Task requirements: Check every line of the data for the word "Paris", and copy those that have it.

[Items listed in a dataset]
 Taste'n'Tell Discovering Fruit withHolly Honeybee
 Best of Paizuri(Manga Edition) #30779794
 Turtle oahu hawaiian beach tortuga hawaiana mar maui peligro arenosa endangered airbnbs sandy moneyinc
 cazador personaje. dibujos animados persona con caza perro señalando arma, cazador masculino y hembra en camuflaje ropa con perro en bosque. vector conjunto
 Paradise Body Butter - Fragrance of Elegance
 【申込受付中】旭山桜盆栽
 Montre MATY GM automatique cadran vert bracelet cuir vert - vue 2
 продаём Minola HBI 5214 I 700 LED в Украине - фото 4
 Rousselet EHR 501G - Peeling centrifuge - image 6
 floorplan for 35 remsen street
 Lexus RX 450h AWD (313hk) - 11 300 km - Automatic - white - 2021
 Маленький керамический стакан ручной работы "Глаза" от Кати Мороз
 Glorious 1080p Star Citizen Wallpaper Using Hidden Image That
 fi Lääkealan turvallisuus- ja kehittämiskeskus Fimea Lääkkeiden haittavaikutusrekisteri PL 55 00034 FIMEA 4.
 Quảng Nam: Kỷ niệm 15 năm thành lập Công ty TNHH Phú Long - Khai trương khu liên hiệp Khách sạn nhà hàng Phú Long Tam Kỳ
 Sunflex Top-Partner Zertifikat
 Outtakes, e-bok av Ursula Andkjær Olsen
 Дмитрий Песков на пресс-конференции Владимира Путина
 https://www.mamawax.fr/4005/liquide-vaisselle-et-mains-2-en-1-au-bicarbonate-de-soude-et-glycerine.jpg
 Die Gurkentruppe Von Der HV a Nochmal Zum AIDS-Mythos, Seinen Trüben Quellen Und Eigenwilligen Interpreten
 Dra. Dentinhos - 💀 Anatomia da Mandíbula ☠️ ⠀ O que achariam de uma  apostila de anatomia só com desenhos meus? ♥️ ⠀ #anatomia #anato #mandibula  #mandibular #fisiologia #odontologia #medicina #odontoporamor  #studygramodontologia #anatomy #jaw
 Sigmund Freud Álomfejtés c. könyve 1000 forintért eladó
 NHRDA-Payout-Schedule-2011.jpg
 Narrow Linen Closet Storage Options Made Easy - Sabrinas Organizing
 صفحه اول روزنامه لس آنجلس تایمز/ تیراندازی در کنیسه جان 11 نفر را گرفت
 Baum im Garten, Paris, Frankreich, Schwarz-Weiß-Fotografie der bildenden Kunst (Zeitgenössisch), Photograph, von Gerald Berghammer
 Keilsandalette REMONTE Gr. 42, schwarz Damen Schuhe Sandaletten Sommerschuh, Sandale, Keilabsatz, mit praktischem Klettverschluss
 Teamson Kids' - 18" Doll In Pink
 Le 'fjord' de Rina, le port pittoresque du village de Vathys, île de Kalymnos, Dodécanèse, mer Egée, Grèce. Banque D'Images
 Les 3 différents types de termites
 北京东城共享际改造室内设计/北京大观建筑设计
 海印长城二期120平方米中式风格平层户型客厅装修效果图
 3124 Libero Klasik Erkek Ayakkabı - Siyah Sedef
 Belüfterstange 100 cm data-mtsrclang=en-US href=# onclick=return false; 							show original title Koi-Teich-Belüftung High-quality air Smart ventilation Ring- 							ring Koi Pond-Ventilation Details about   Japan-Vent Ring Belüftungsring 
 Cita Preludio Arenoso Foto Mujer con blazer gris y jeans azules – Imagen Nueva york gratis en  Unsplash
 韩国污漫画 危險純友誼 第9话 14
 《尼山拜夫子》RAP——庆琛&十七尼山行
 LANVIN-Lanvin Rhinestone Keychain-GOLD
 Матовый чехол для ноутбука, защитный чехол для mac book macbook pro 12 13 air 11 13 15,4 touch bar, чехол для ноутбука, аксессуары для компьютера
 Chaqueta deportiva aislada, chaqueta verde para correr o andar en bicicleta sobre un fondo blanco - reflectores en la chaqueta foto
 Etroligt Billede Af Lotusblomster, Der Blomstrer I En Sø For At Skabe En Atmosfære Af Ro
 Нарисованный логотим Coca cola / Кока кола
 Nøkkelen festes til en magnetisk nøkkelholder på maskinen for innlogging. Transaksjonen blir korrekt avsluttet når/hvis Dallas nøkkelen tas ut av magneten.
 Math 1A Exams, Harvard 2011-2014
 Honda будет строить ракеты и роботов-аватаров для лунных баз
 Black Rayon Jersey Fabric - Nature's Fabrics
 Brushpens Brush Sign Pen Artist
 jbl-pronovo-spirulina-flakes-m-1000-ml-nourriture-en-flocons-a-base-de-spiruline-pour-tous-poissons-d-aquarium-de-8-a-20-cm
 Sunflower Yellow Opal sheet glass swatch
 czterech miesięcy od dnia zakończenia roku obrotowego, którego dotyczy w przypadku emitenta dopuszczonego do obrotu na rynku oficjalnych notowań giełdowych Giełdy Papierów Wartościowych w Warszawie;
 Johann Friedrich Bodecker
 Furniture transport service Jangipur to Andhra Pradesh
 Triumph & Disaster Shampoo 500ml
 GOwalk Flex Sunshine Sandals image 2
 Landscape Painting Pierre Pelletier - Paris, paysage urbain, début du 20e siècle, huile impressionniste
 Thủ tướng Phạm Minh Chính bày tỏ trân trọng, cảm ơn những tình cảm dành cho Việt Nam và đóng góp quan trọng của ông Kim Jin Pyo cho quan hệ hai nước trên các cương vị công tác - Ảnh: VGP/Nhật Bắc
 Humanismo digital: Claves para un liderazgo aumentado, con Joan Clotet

Answer space:
 Baum im Garten, Paris, Frankreich, Schwarz-Weiß-Fotografie der bildenden Kunst (Zeitgenössisch), Photograph, von Gerald Berghammer
 Landscape Painting Pierre Pelletier - Paris, paysage urbain, début du 20e siècle, huile impressionniste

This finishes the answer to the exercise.